なぜ人間は海の水が飲めないのか?
以下は、記事の抜粋です。
人間が生きる上では水が不可欠ですが、地球上の液体の96%以上が海水なので、人間の水分補給に適した真水はごくわずかしかありません。しかし、イルカやクジラなど海中で暮らす哺乳類がいることを考えると、人間に海の水が飲めても不思議ではない気もします。
人間に海の水を飲むことができない理由は単純で、海水は塩分が濃すぎて腎臓が機能不全になってしまうからです。アメリカ自然史博物のロブ・デサール氏は、「ほとんどの動物は、腎臓で水から不純物を取り除きます。海水を飲むと、体から排出しなければならない塩分を大量に摂取することになってしまうのです」と話しました。
腎臓は、余分な水分や血液中の老廃物から尿を作り、体外に排出する重要な役割を持つ臓器です。しかし、腎臓では血液より塩分が濃い尿を作ることができないのに対し、海水には人間の血液の3倍以上の塩分が含まれています。従って、人間が海水を飲んだ後で余分な塩分を体外に排出するには、飲んだ海水と同量以上の真水を飲まなくてはならないことになります。
一方、海で暮らす生き物はさまざまな工夫で真水が飲めない環境に適応しています。例えば、アホウドリ・カモメ・ペンギンなど海で長期間暮らす海鳥には、飲んだ水が胃に到達する前に塩分を取りだして鼻から排出する塩腺という特殊な分泌腺があるとのこと。海洋哺乳類は、体内から余分な塩分を排出するための特別な酵素や細胞構造を持っています。彼らはスーパー腎臓を持っているというわけです。
ではなぜ人類のような陸上動物が「スーパー腎臓」を持たないのかというと、陸上動物の祖先となる動物が太古の海から陸に進出するために、淡水を飲むように進化したからだとのこと。霊長類を含む多くの動物たちは自然淘汰により塩分のない水を処理する能力に特化していったので、塩水を飲むと非常に危険で有害な影響を受けるようになったそうです。

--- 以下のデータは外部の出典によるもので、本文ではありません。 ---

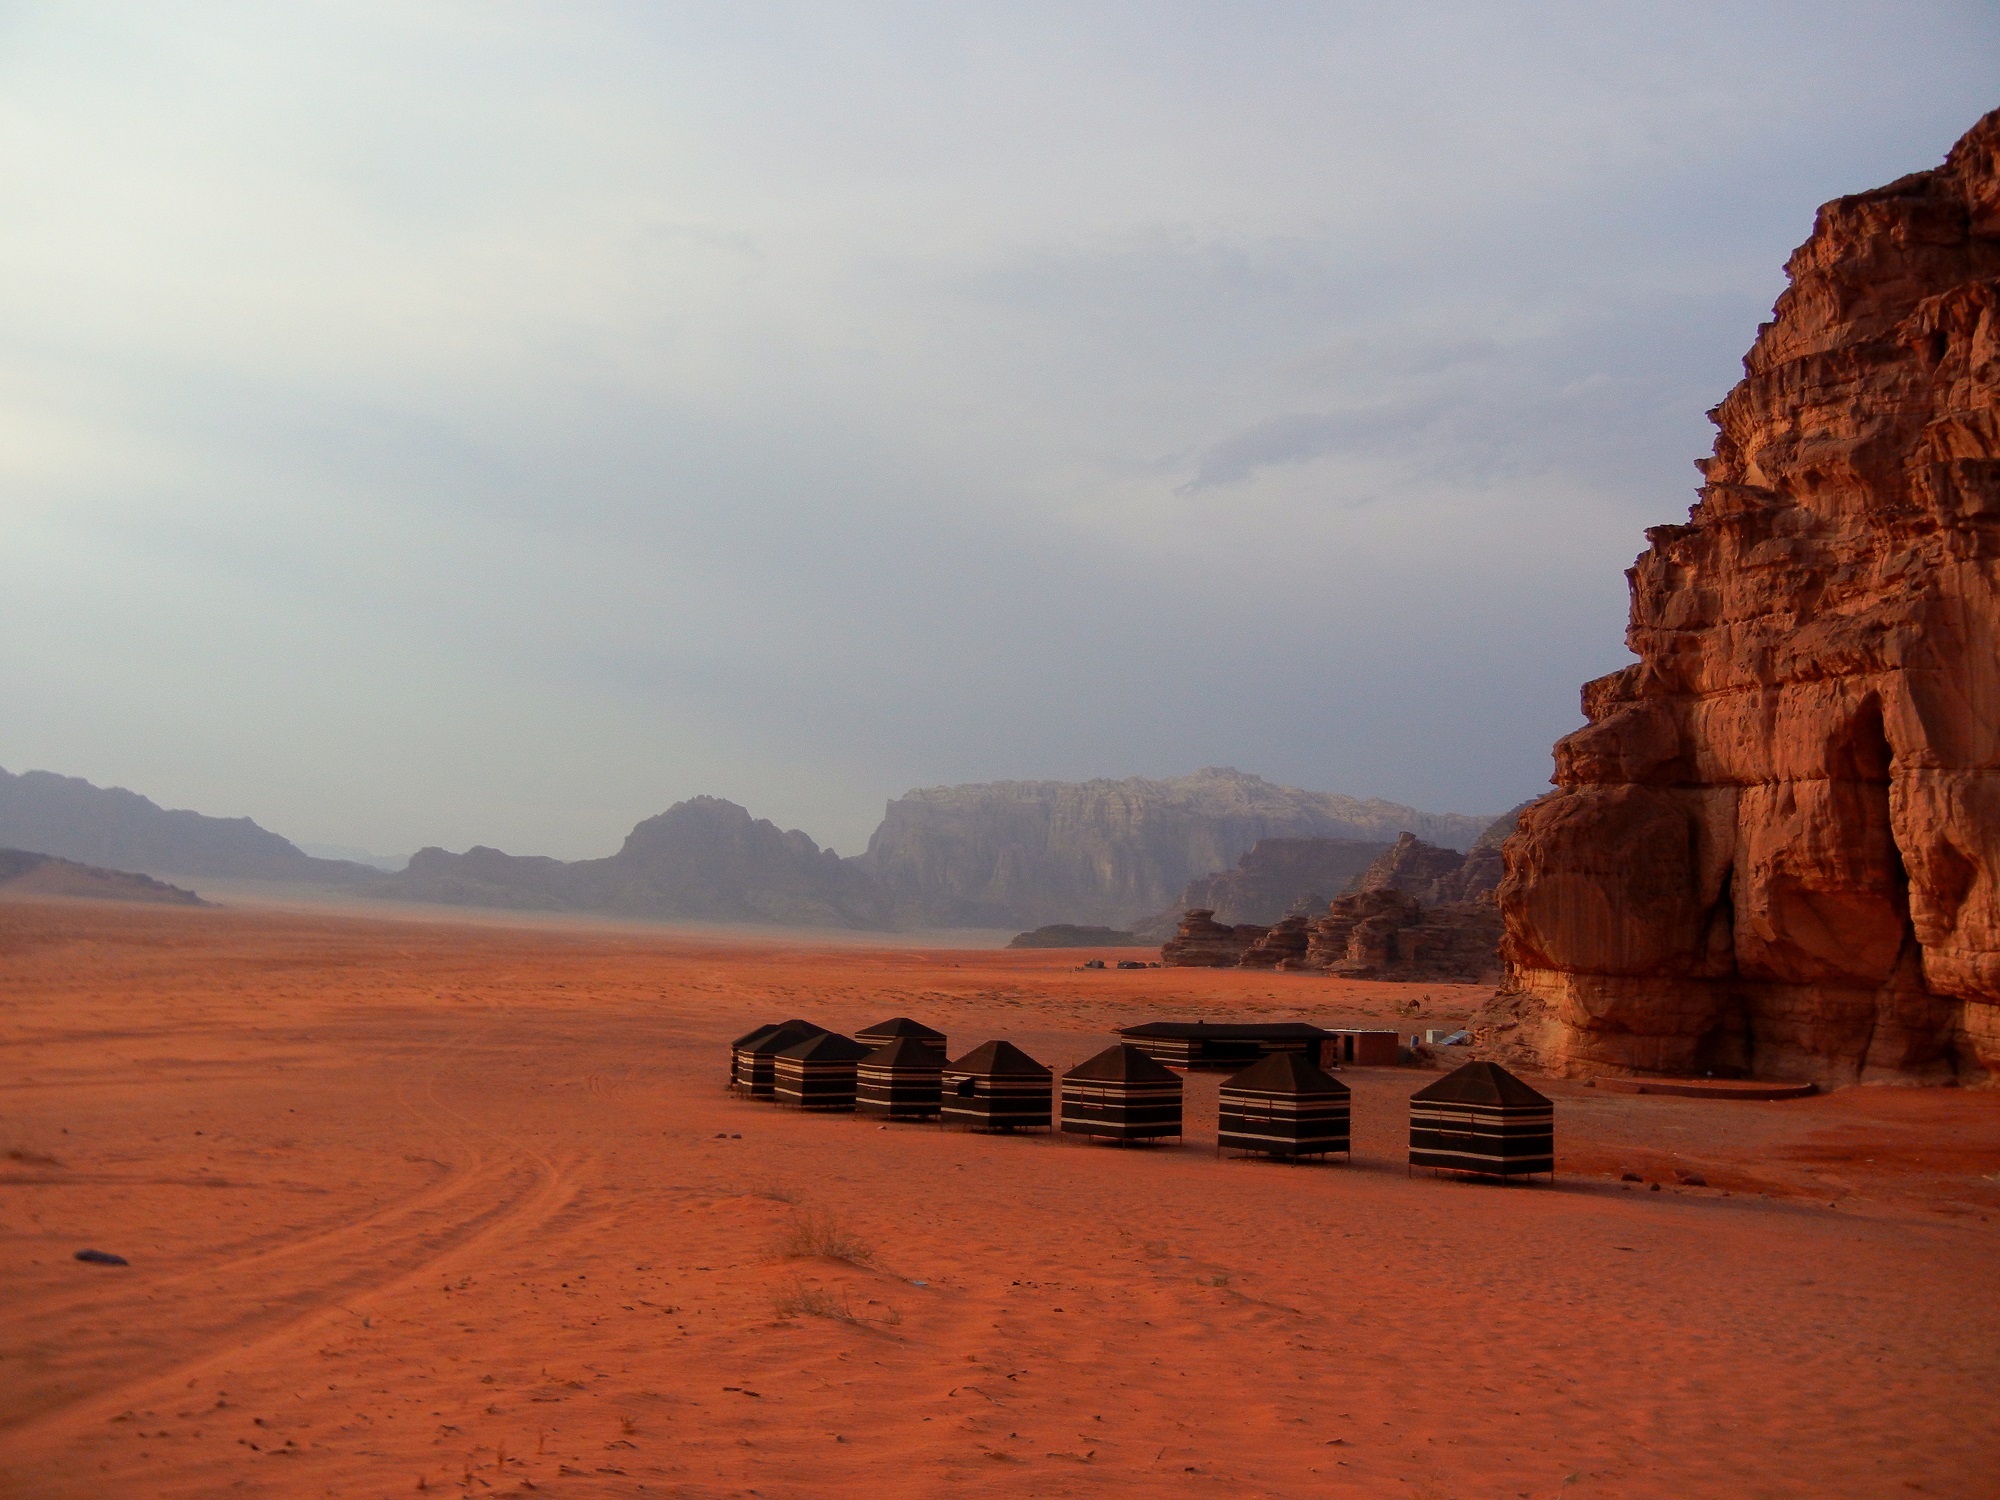 Jordánsko - Red desert camp (Wadi Rum)

食塩の半数致死量(LD50)は3 g/kgとされており、60 kgの人ならば180 gが致死量となるのですが、醤油を1 L飲むとちょうど致死量くらいになるそうです(記事をみる)。同じ記事に、「かつて日本がまだ戦争をしていたころ、病気になって徴兵を逃れようと醤油を大量に飲んだ人が多くいたそうです。」と書かれています。また、「高ナトリウム血症では細胞内脱水が起こるとされ、一番弱い臓器は脳であることから、いずれの症例でも、数時間以内に頭痛、けいれんや高熱、意識消失などの神経症状がみられています。さらに、血管内水分の貯留によって脳浮腫,肺水腫をきたし、呼吸不全を併発したり、尿細管壊死をきたすこともあると報告されています。」
私の父は、もうかなり前に亡くなりましたが、徴兵逃れのために醤油を飲んだと言っていました。私が生まれたのは奇跡かもしれません。